INPUT:
========

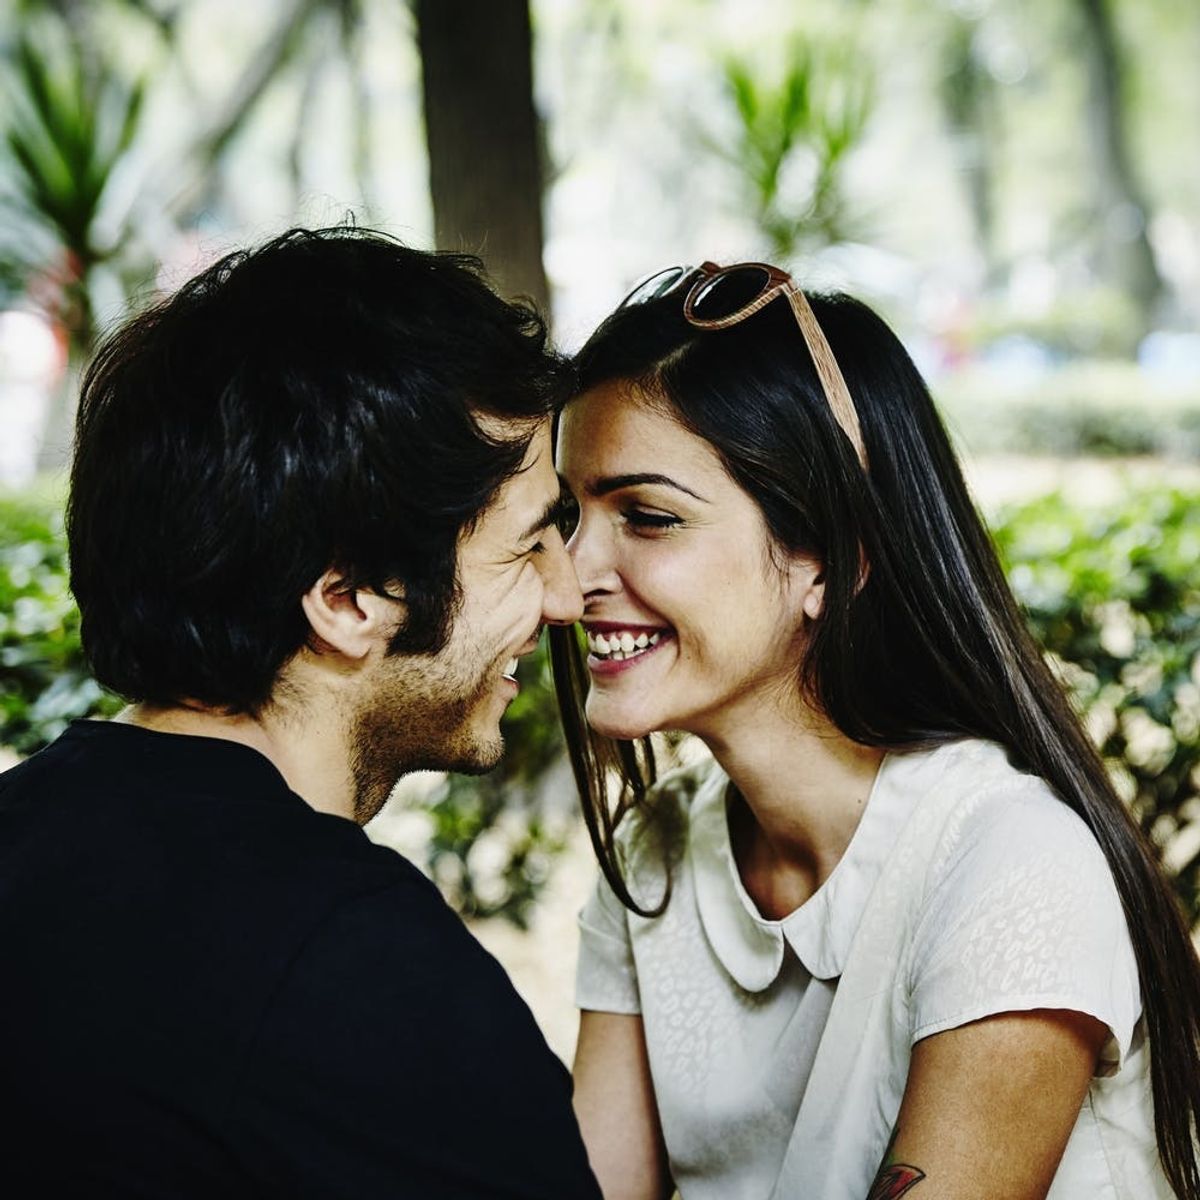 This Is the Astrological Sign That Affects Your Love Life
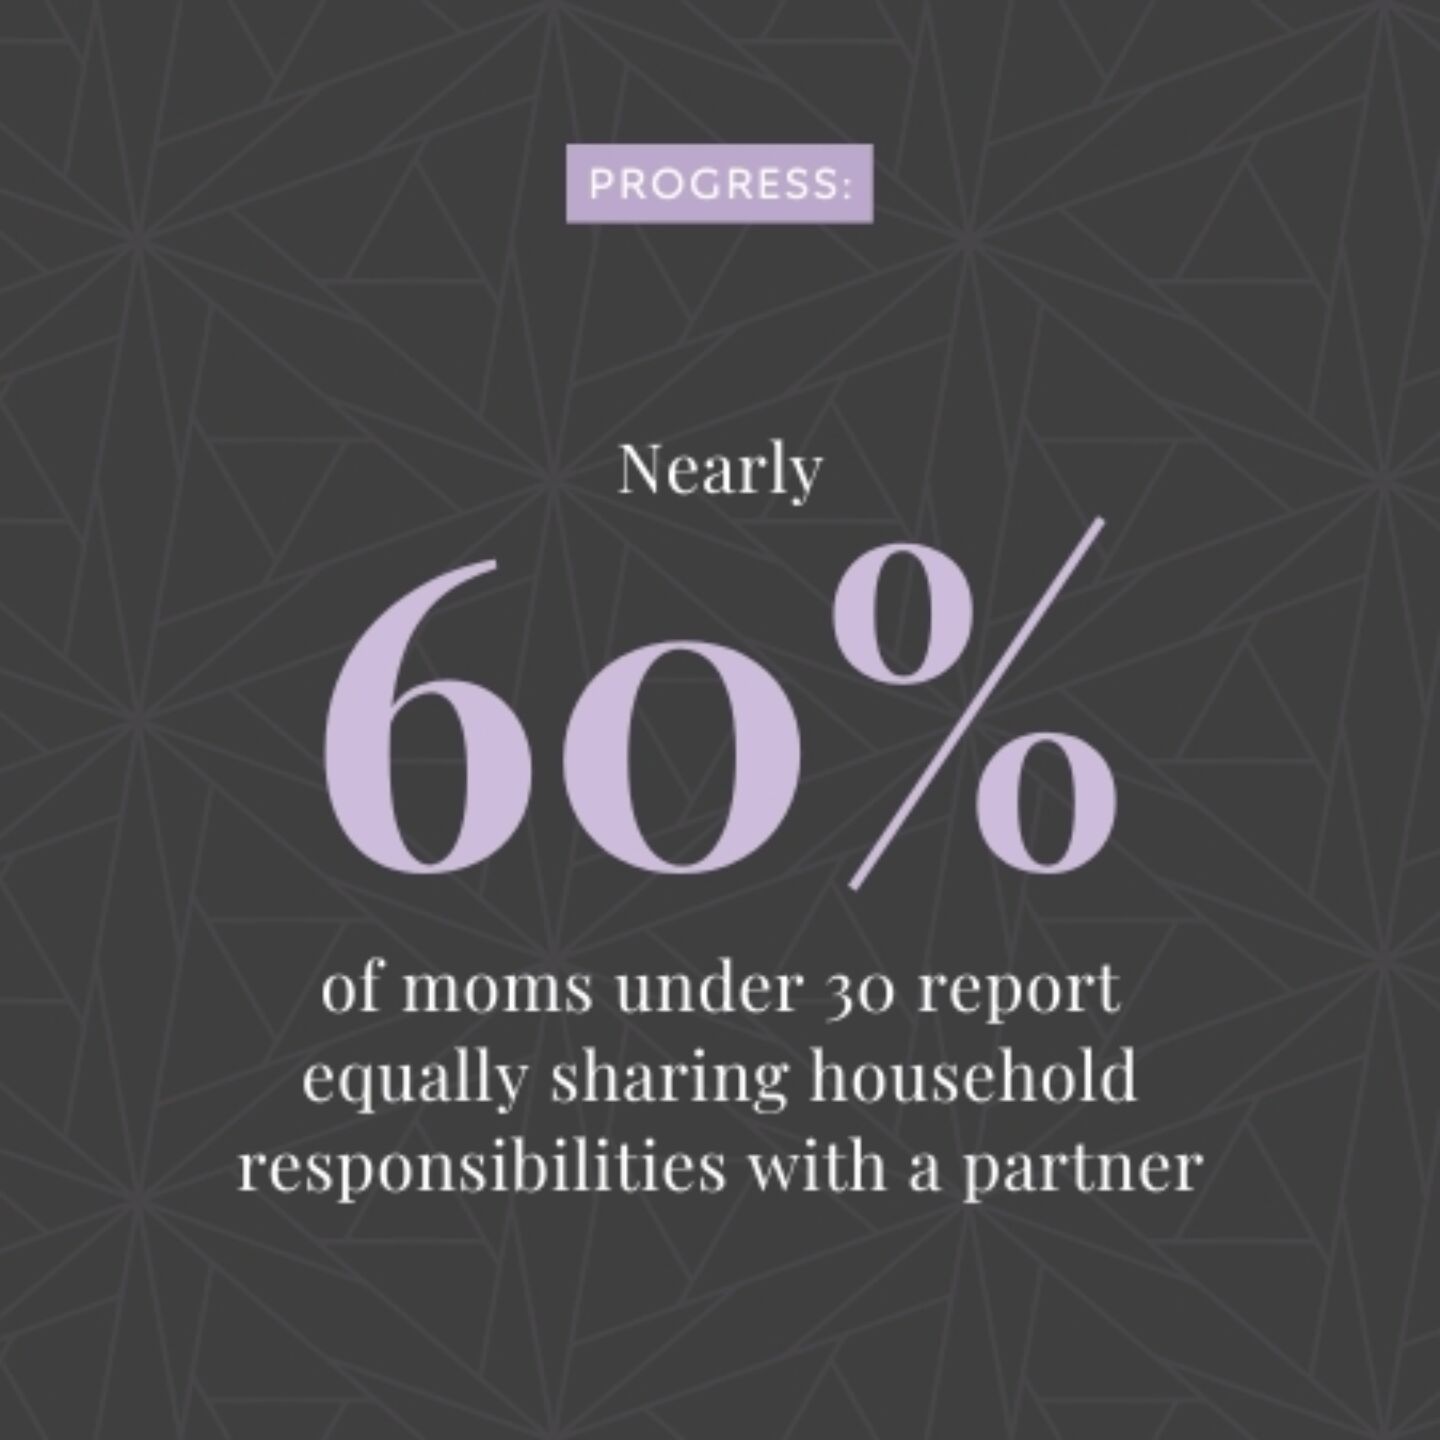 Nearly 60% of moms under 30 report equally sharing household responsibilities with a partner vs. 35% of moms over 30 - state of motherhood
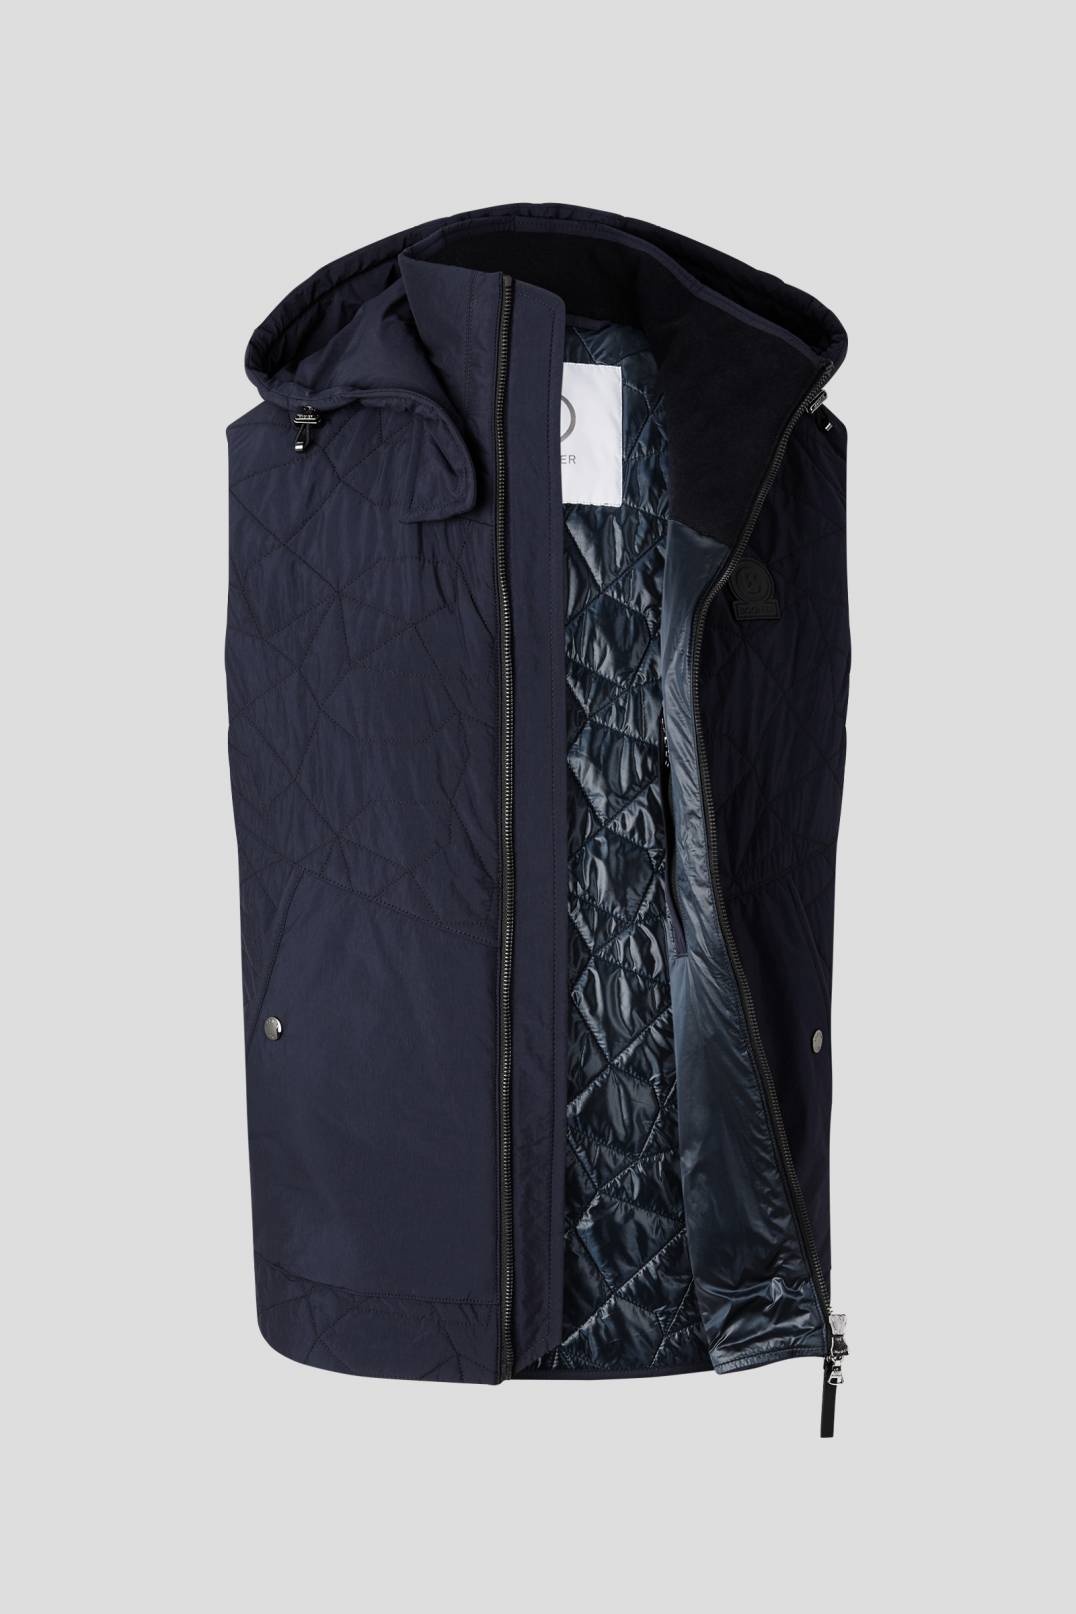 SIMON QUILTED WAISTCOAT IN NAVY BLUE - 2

========

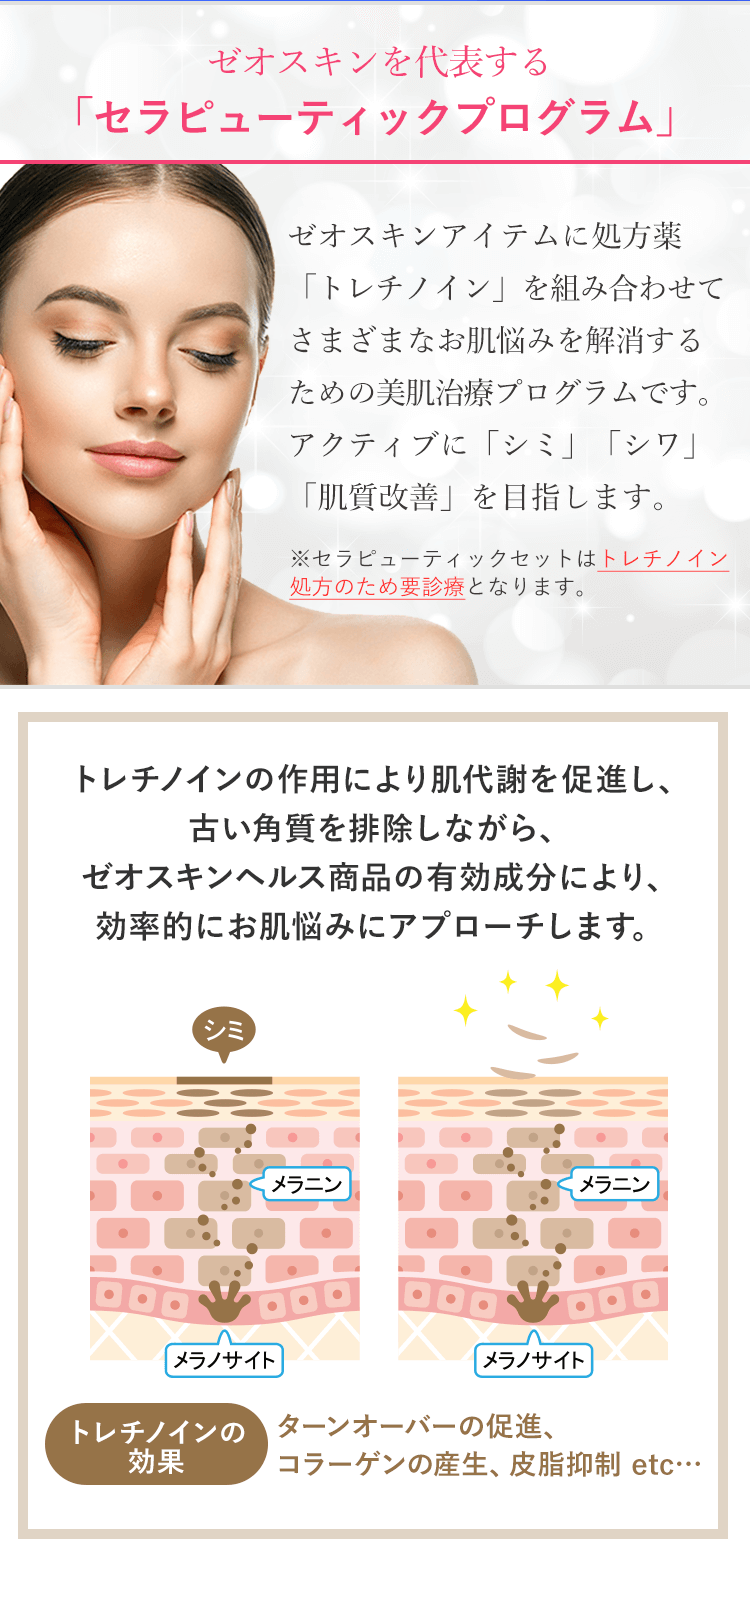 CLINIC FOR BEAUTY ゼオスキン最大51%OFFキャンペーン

========

THE TASK: Give back exactly the lines of the listing above from the one that contains "This Is the" up to and including the one that contains "SIMON QUILTED WAISTCOAT IN NAVY BLUE - 2", but not the pictures, and no other lines.

THE COMPLETED TASK:
 This Is the Astrological Sign That Affects Your Love Life
 Nearly 60% of moms under 30 report equally sharing household responsibilities with a partner vs. 35% of moms over 30 - state of motherhood
 SIMON QUILTED WAISTCOAT IN NAVY BLUE - 2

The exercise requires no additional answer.